What If: Peptide COA Guide Scenarios
What If the COA Shows HPLC Purity Above 95% but No Mass Spectrometry Data?
Request the mass spectrometry report before using the peptide. HPLC purity confirms chromatographic separation but does not verify sequence identity. A peptide with a single amino acid substitution or deletion can pass HPLC with high purity and still be biologically inactive. Mass spectrometry is the only method that confirms the observed molecular weight matches the calculated weight for the intended sequence. If the supplier cannot provide MS data, assume the peptide has not been identity-confirmed and consider it unsuitable for mechanistic research.
What If the Observed Molecular Weight Is Off by More Than 2 Daltons?
A mass discrepancy beyond the acceptable error range (±0.5–2 Da depending on peptide size and ionization method) indicates either a synthesis error, an unintended modification, or instrument calibration drift. Small discrepancies of 1 Da can result from incomplete amidation or acetylation if those modifications were specified. Larger discrepancies suggest wrong amino acid incorporation, truncation, or adduct formation during ionization. Contact the supplier for clarification. Some adducts like sodium or potassium ions add 22–38 Da and are ionization artifacts, not synthesis errors. If the supplier confirms the mass is correct as synthesized but doesn't match your intended sequence, the peptide is not what you ordered.
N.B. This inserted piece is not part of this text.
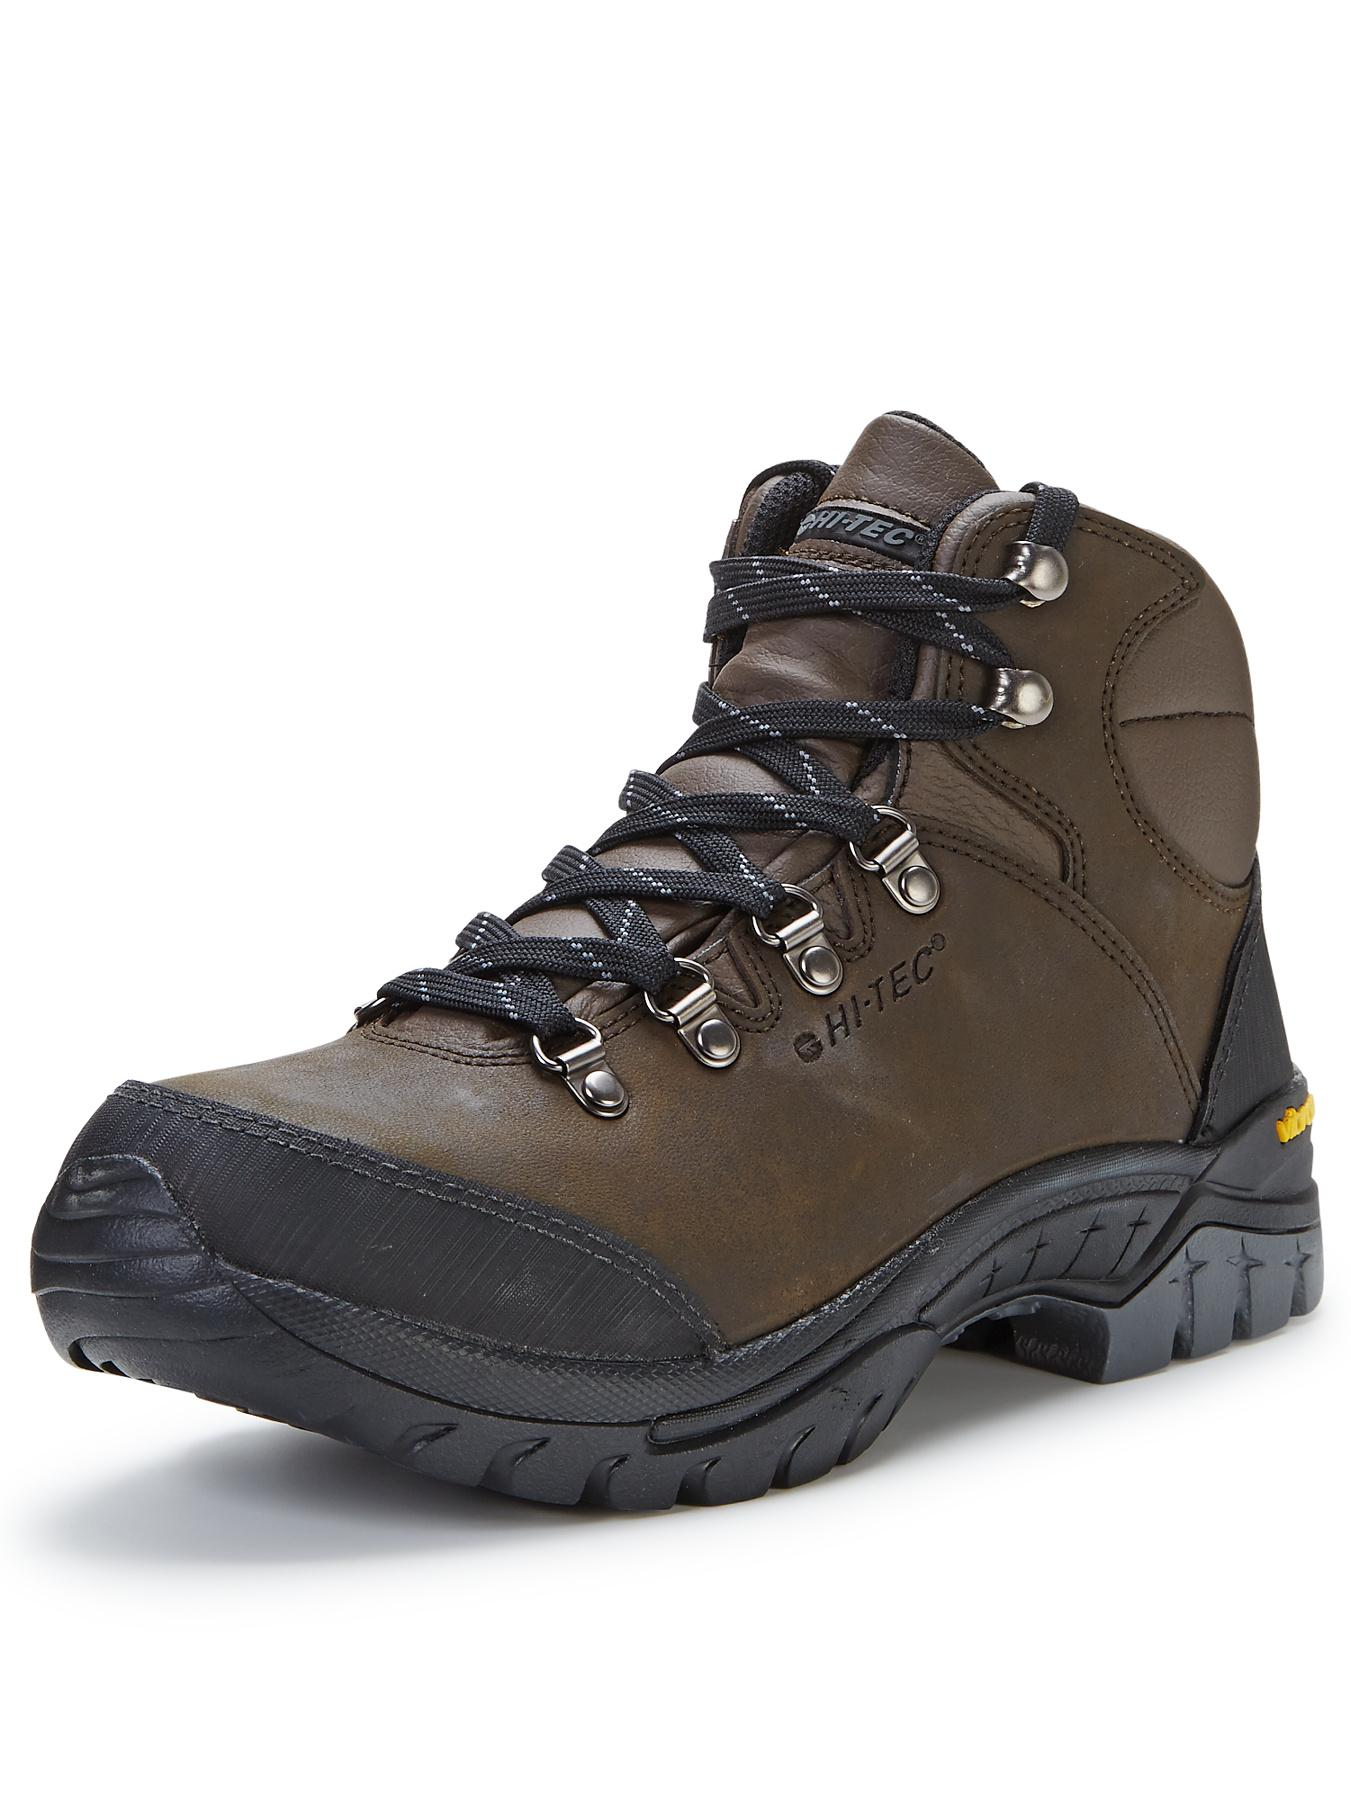 Jura Walking Boots, Brown at Littlewoods

What If the Peptide Content Percentage Isn't Listed on the COA?
Calculate your reconstitution volume assuming worst-case peptide content of 70% and request a revised COA with the actual percentage. Without peptide content data, you cannot accurately determine the concentration of your working solution. This introduces a 15–30% dosing error in most cases. For peptides where dose-response precision matters, such as Tesamorelin Ipamorelin Stack or Sermorelin, reconstituting based on vial label alone skews every downstream calculation. Reputable suppliers always include net peptide content as a COA standard.
What If Endotoxin Levels Are Above 1.0 EU/mg for In Vitro Work?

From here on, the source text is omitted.